Preceded by a brief responsory, the Offertory, the fourth Mass Proper, is a short prescribed text referring to the Assumption and the rejoicing of the Angels. The full choir next sings the first half of the exquisite six-part motet Vidi speciosam by Victoria, which takes its text from the first Responsory at Matins for the Feast of the Assumption. The Preface, a chanted prayer with four opening responsories, urges worshippers to lift up their hearts to God, to offer thanks to him; and to join together in praising, blessing and proclaiming the Assumption of the Blessed Virgin Mary.
The Sanctus, the fourth movement of the Mass Ordinary, follows, sung by the full choir. Once again the ‘Gaudeamus’ incipit in long notes is skilfully woven into the texture of the music by the second tenor and baritone voices, and, in the reduced-voice section ‘Pleni sunt caeli’, by the first tenor. The first section of the Benedictus—the fifth movement of the Mass Ordinary, also sung by the full choir—is for four voices, but the final Hosanna section is for six voices with the ‘Gaudeamus’ motif returning in the second tenor at the end.
The Pater noster, the chanted prayer ‘Our Father, which art in heaven’, is introduced with a short responsory, before the full choir sings the two Agnus Dei movements that end the Mass Ordinary.
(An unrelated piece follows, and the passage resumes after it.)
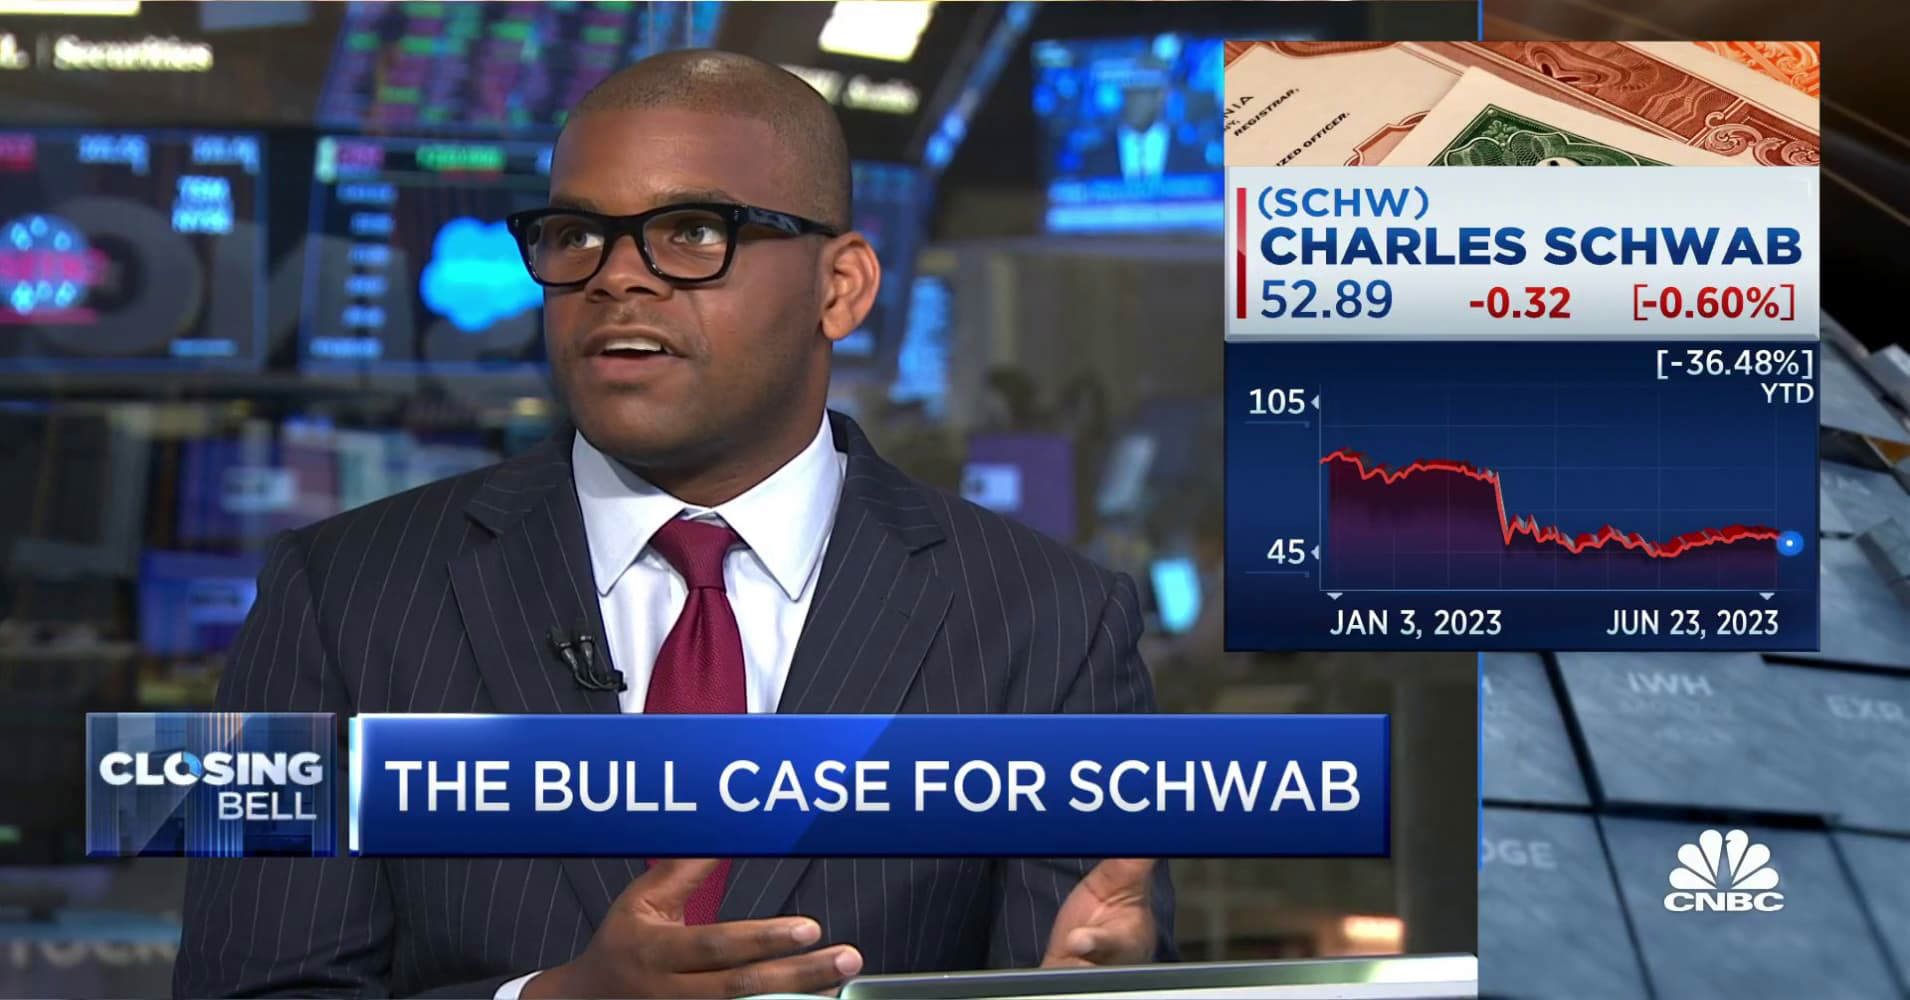 The bull case for Charles Schwab

The first is in six voices; the second is in seven, having an extra baritone part to accommodate a new polyphonic device, a canon at the octave between the second alto part and the first baritone part. Both canonic parts retain the Gaudeamus omnes words sung in long notes and this and the addition of an extra voice produce imposing sonorities and a great sense of spaciousness which provide an impressive finish to the Mass.
The fifth Mass Proper, Communion, is a short chanted text referring back to the Gospel tale of Mary and Martha. This is followed by the second part of the Victoria’s motet Vidi speciosam, ‘Quae est ista’, sung by the full choir. The Post-communion is the last Mass Proper. After a brief opening responsory, the chant celebrates the Assumption and asks for the remission of sins through the intercession of the Blessed Virgin Mary. The final item in this festal celebration of Mass for the Assumption is another recercar by Frecobaldi. The organ music is in four parts with an optional extra fifth part for chant. The organ parts weave a close texture of imitative writing derived from the ‘Gaudeamus’ motif while the vocal part, using the same motif in longer notes, soars above the texture periodically enunciating the words ‘Sancta Maria, ora pro nobis’ (‘Holy Mary, pray for us’) to provide a moving conclusion to the whole Mass.